At these events, the lieutenant governor's presence may be marked by the post's official flag, consisting of a blue field bearing the escutcheon of the Arms of  Majesty in Right of Ontario surmounted by a crown and surrounded by ten gold maple leaves, symbolizing the ten provinces of Canada. Within Ontario, the lieutenant governor also follows only the sovereign in the province's order of precedence, preceding even other members of the Canadian Royal Family and the King's federal representative.

Since 2011, the incumbent lieutenant governor has served ex officio as the Colonel of the Regiment of the Queen's York Rangers, a unit in the Canadian Army. The honorary appointment recognizes the regiment's links to John Graves Simcoe, the first lieutenant governor of Upper Canada and the regiment's commander during the American War of Independence.

History 

The lieutenant governor of Ontario came into being in 1867, upon the creation of Ontario at Confederation, and evolved from the earlier position of lieutenant governor of Canada West.
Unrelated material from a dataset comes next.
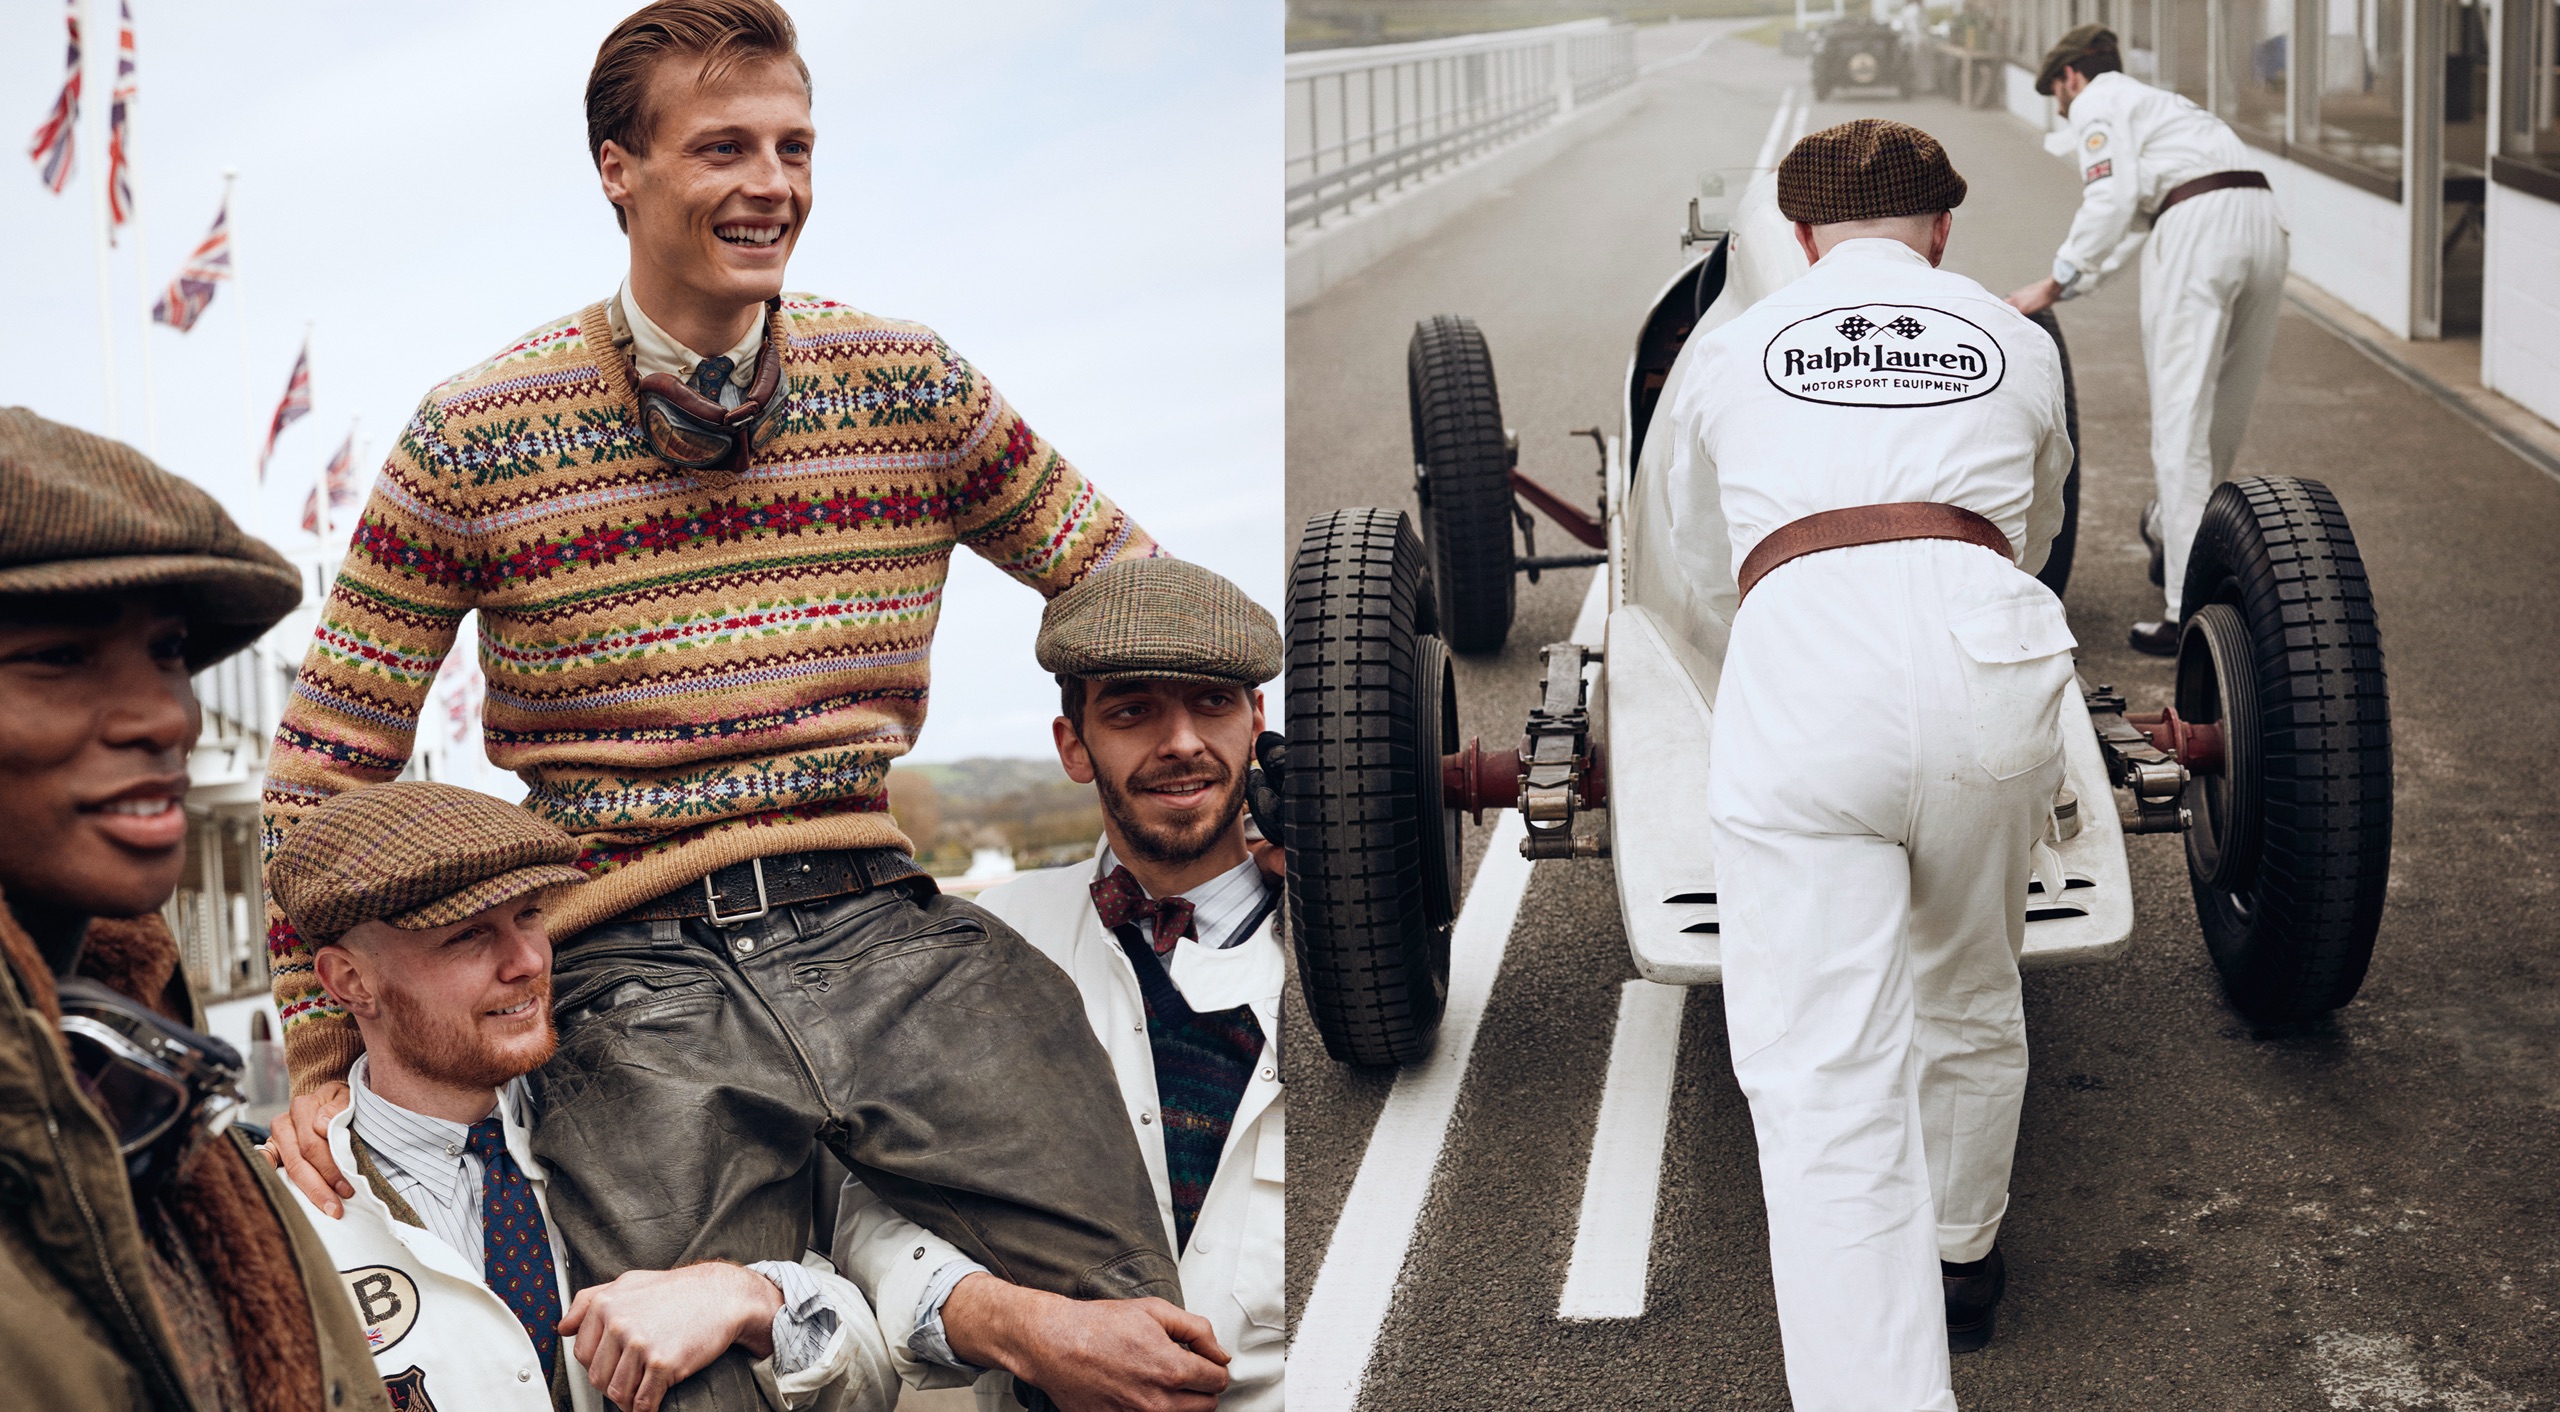 <strong>ON LOCATION</strong><br/><span>This season of Polo Originals, inspired by the golden era of Grand Prix car racing, was photographed at the Goodwood Motor Circuit, which is located in West Sussex, on the 12,000-acre Goodwood Estate. The Circuit has since become known for hosting a number of prestigious motorsport events, including the famous Festival of Speed and Revival.</span> <br/><rlmag_link href="https://www.ralphlauren.global/kg/en/search?cgid=brands-prl-tough-and-refined-cg"><button class="shop-collection">Shop the Story</button></rlmag_link>

Since that date, 29 lieutenant governors have served the province, among whom were notable firsts, such as Pauline Mills McGibbon—the first female lieutenant governor of the province—and Lincoln Alexander—the first lieutenant governor of West Indian ancestry. The shortest mandate by a lieutenant governor of Ontario was Henry William Stisted, from 1 July 1867 to 14 July 1868, while the longest was Albert Edward Matthews, from November 1937 to December 1946.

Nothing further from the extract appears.